Professional wrestling's championship belts are modeled similarly to the championship belts in boxing, and other combat sports such as mixed martial arts. They are made of elaborately designed plates of gold or other precious metals, usually bearing the name of the title and the wrestling promotion, and is on a leather strap. The color and designs vary with each title and promotion.

A wrestler may win a sanctioned championship and redesign the belt itself. Some (such as John Cena's Spinner Belt) later became the official belt design.
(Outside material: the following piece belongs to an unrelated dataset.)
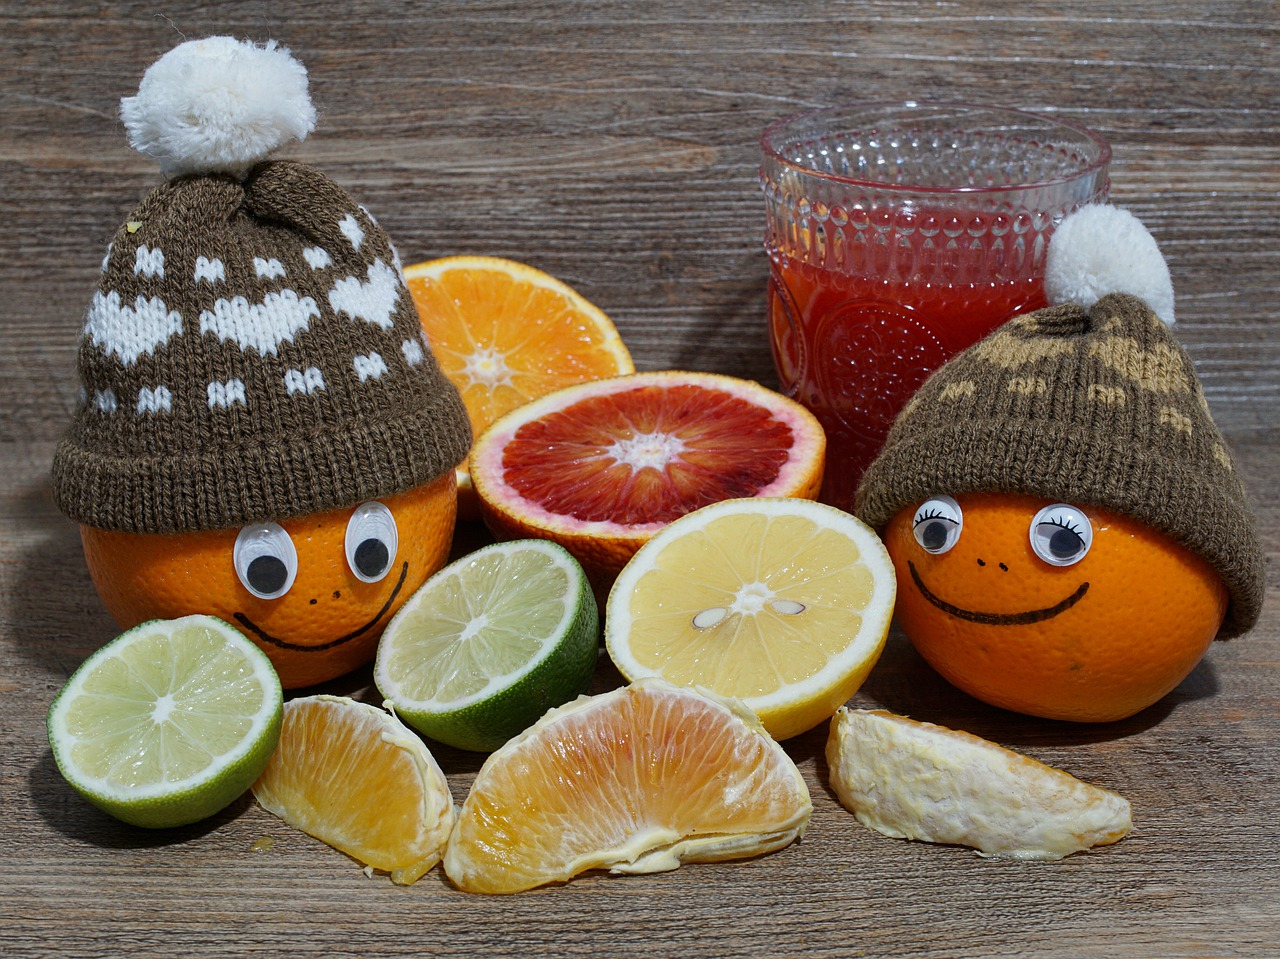 А50 картинки, апельсины веселые картинки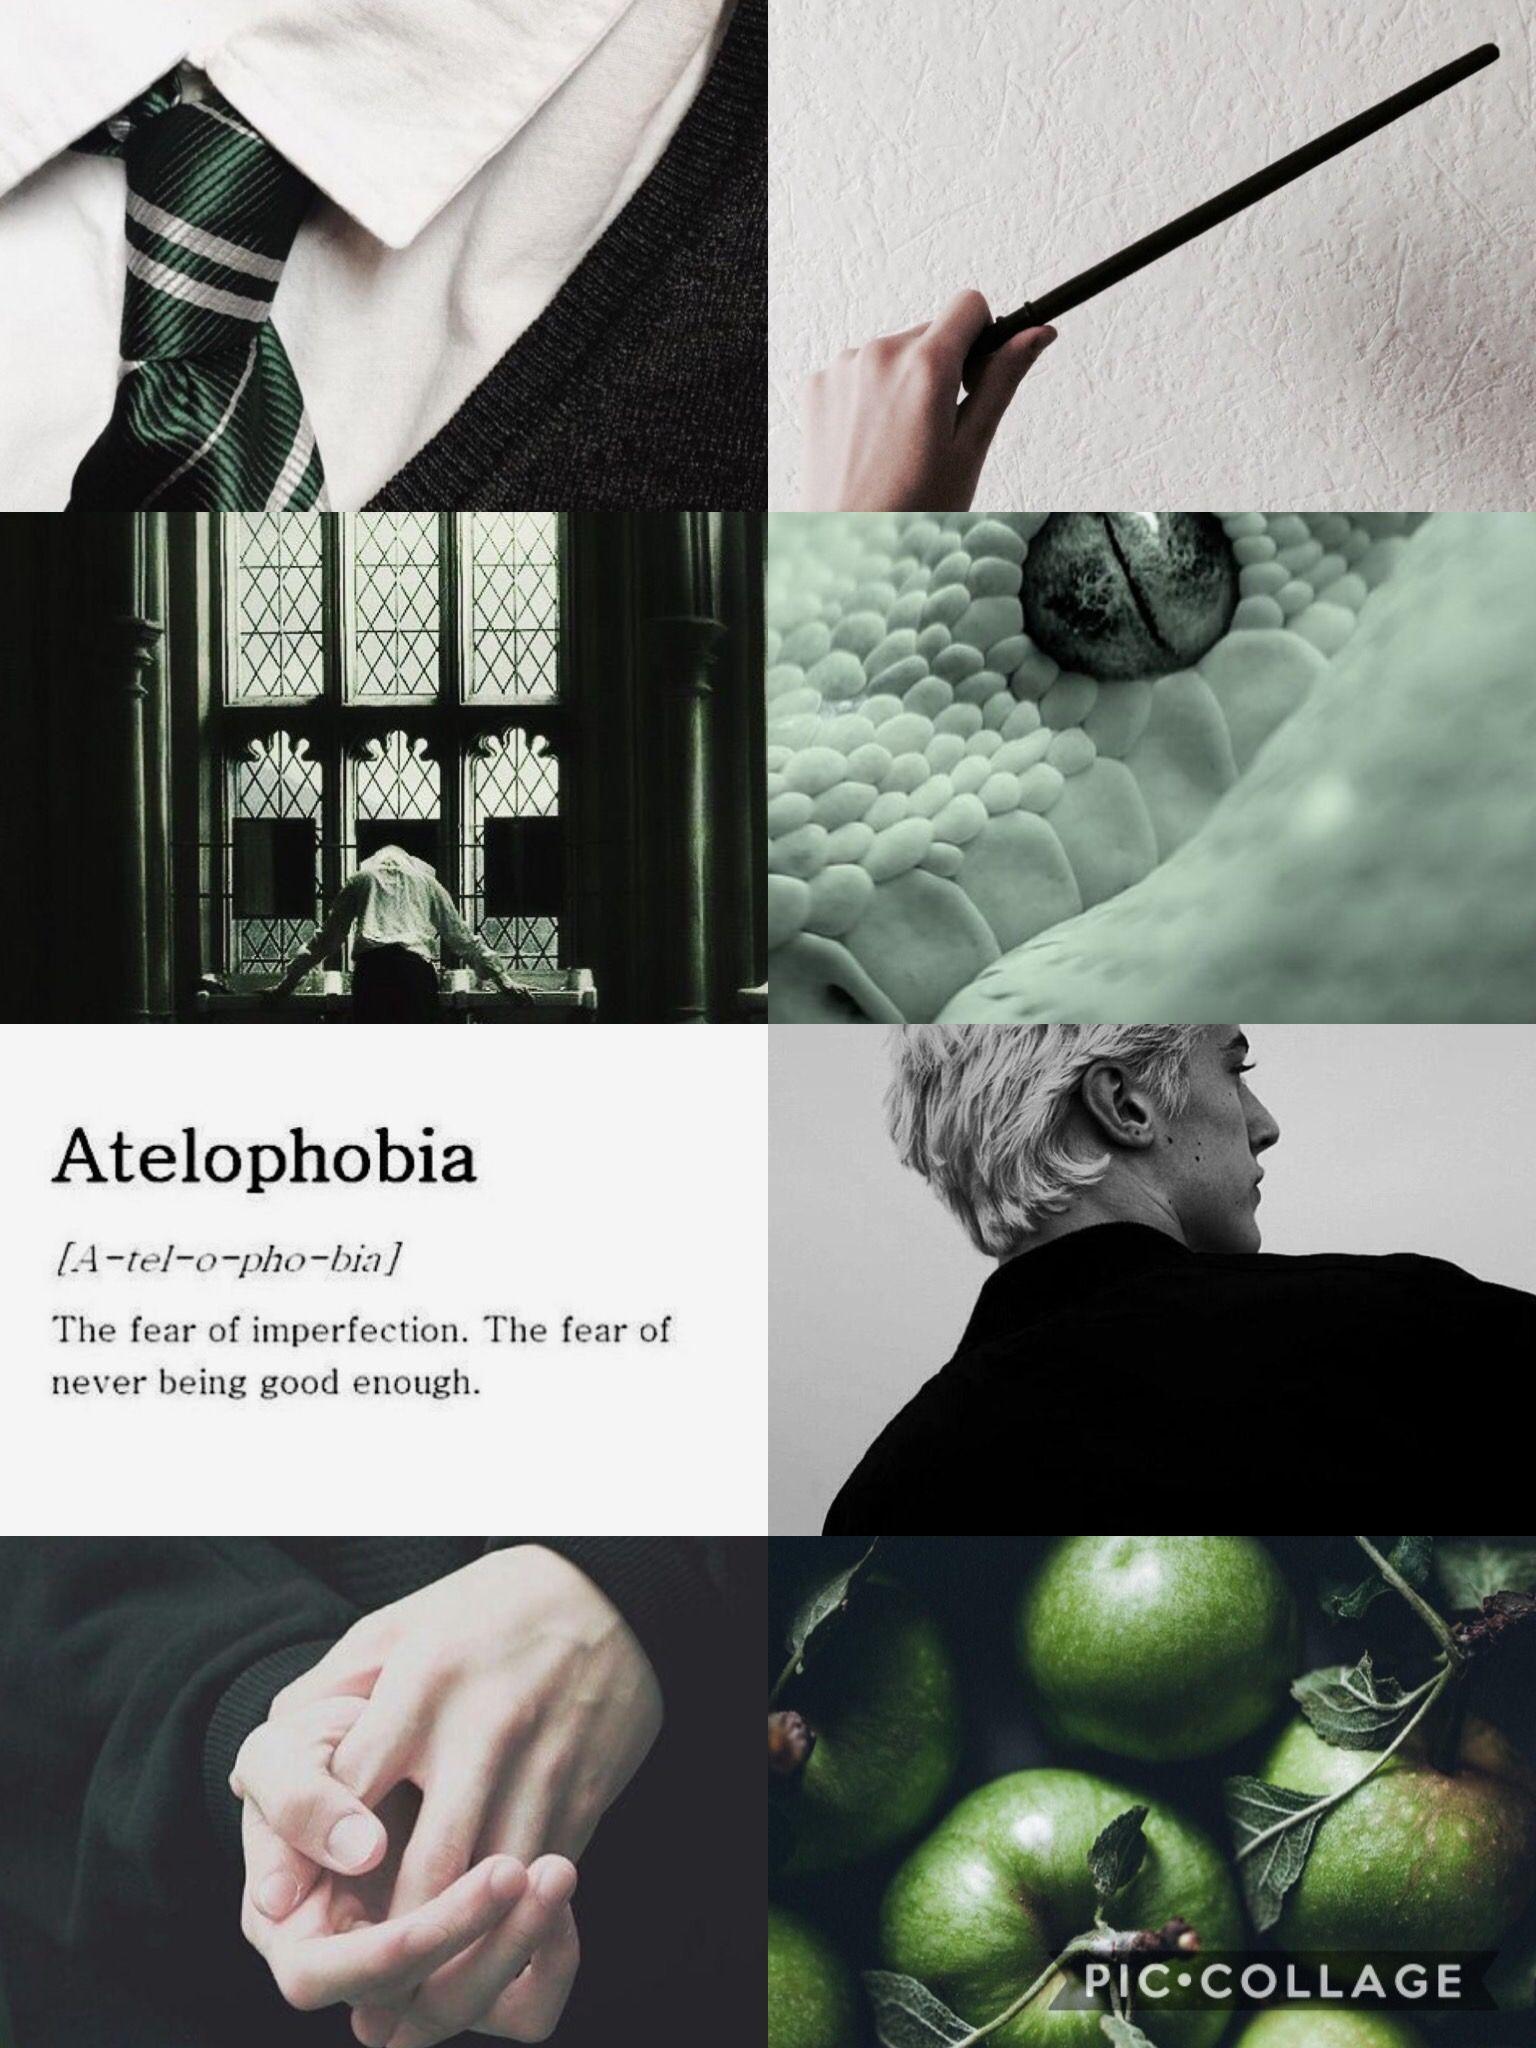 Draco Malfoy Aesthetic Slytherinaesthetic Slytherin

Others (such as Stone Cold Steve Austin's Smoking Skull Belt, Edge's Rated-R Spinner, Daniel Bryan's eco-friendly belt, and The Fiend Bray Wyatt's Universal title with his face on it) were not used after their respective title reign.

While rare, there are cases of championships being represented with items other than belts, such as championship trophies, medals, crowns, etc. An example of this is WWE's NXT Heritage Cup, which is represented with a trophy.

== Injured champions ==
The fate of a title depends on the champion's condition and the importance of the title to the promotion (e.g. Gregory Helms held the WWE Cruiserweight Championship, despite being sidelined with an injury, because the Cruiserweight Championship was not a major championship). The champion may be forced to vacate his or her title if the injury becomes too severe and the championship is too important. In May 2015, Daniel Bryan vacated the WWE Intercontinental Championship due to a major concussion and a year before, he had to vacate the world title due to neck surgery. In November 2015, Seth Rollins vacated the WWE World Heavyweight Championship due to a knee injury that required surgery.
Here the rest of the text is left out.